In this post, the author is going to briefly introduce the basics of ggfertilizer and provide a smooth and clear workflow to generate a reproducible fertilizer usage map. This blog targets users with an entry level of R or related packages. For advanced R users, there is a more detailed description available at the package website.

Why reproducible?

Generally, published research should be able to be reproduced by peers with same prerequisite. However, according to a report from Nature in 2016, 1,500 scientists lift the lid on reproducibility :

More than 70% of researchers have tried and failed to reproduce another scientist’s experiments, and more than half have failed to reproduce their own experiments.

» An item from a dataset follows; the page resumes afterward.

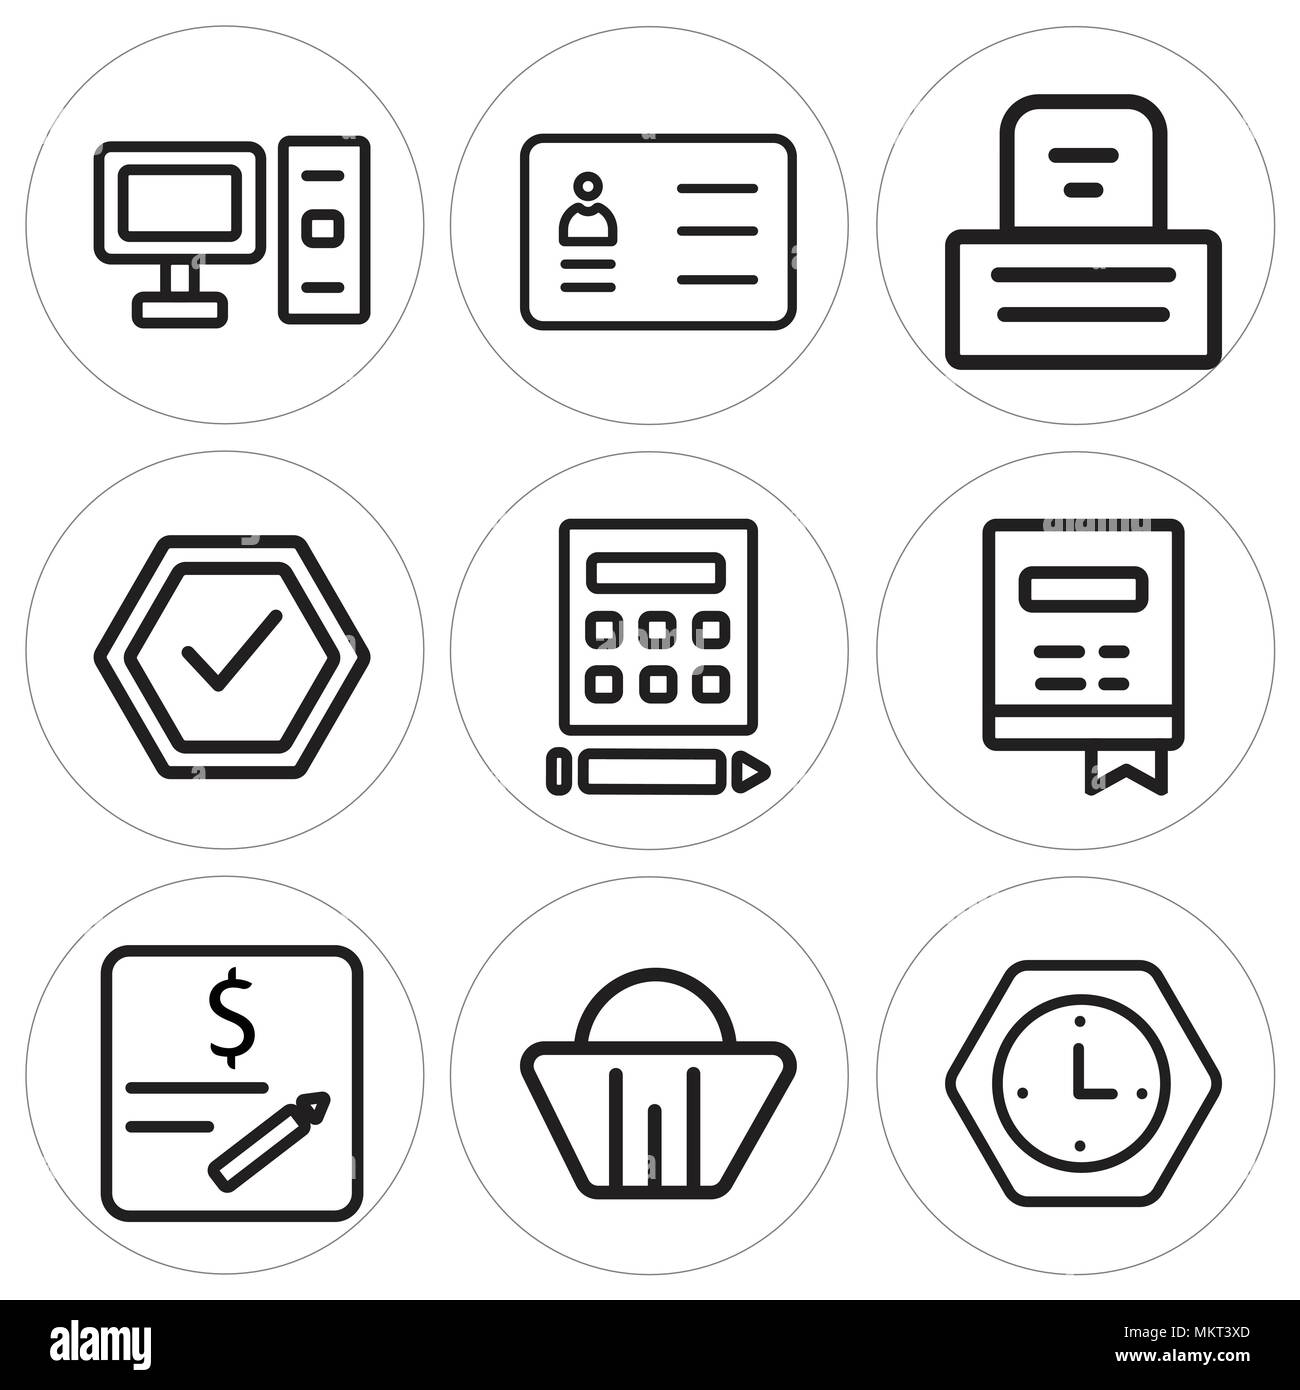 Resume Black White Icon Cv Black and White Stock Photos & Images - Alamy

This so-called reproducibility crisis has already raised great concerns from different perspectives, including researchers, funding agencies, stakeholders, and also the public. To increase the credits and values of research output, it is of importance to provide reproducible research output coupled with data, results, visualization, and relevant codes.

How to generate a reproducible map?

Prerequisite

All the materials in this post were generated using R, an open-source software. Users can easily download and install the corresponding R version with your operation system via this link.

There are also some packages required to reproduce this post. If you have not installed them, please run the following codes.

install.packages("ggplot2")
install.packages("usfertilizer")
install.packages("ggsn")

# check if devtools installed.
if(!require(devtools, character.only = TRUE)){
  install.packages("devtools")
}

# install packages from my github repo.
devtools::install_github("wenlong-liu/ggfertilizer")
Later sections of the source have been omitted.